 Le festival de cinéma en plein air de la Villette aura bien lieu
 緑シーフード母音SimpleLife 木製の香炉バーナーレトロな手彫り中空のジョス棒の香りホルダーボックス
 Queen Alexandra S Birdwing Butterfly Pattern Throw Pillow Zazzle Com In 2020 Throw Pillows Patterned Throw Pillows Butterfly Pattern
=-=-=-=-=
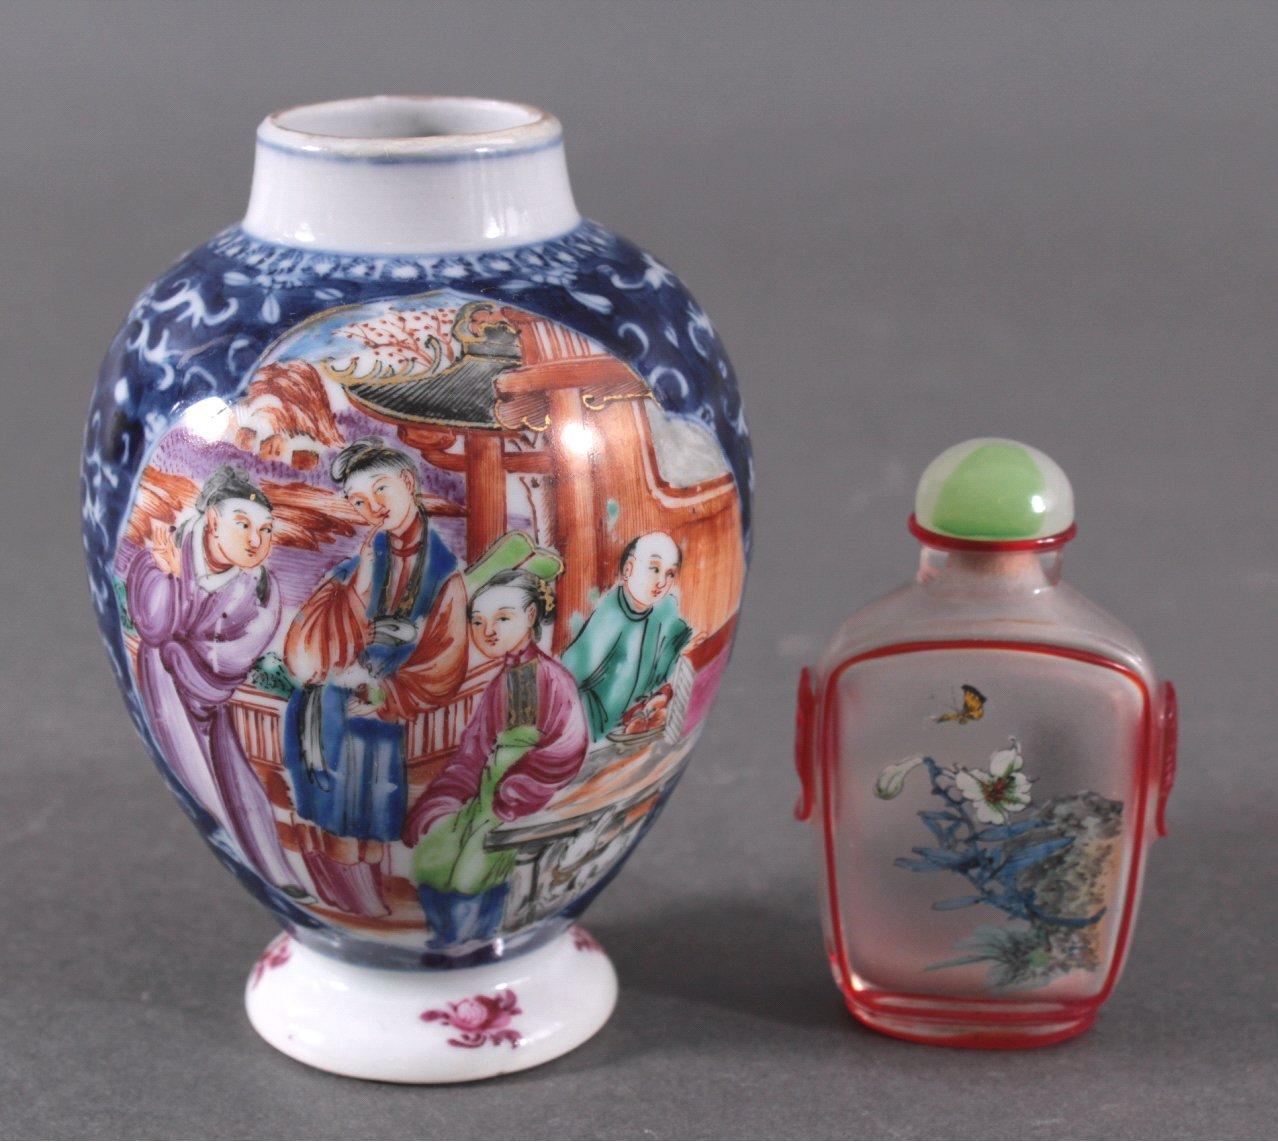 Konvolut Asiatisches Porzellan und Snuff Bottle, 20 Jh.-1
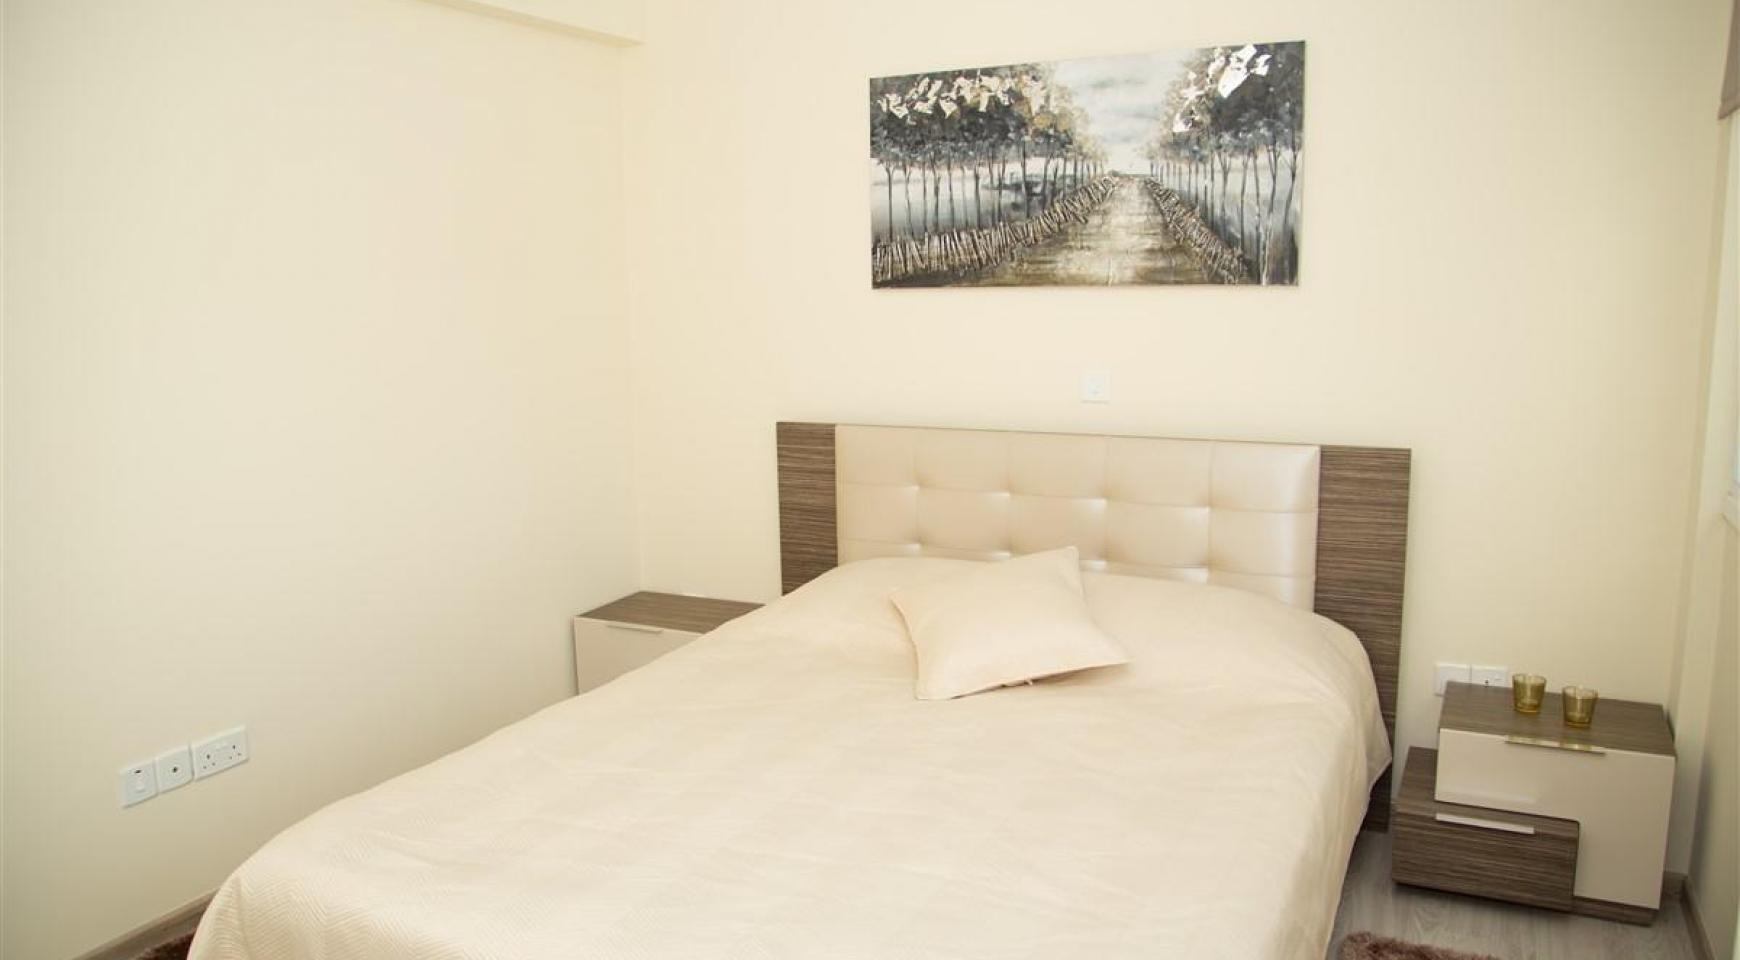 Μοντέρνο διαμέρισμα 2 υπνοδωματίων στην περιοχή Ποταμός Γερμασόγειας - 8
=-=-=-=-=
> **Required work**
Within the listing above, the range opens at the line with "Le festival de" and closes at the line with "Queen Alexandra S". Reproduce exactly the lines of that range, including both ends.

> **Result of the exercise**
 Le festival de cinéma en plein air de la Villette aura bien lieu
 緑シーフード母音SimpleLife 木製の香炉バーナーレトロな手彫り中空のジョス棒の香りホルダーボックス
 Queen Alexandra S Birdwing Butterfly Pattern Throw Pillow Zazzle Com In 2020 Throw Pillows Patterned Throw Pillows Butterfly Pattern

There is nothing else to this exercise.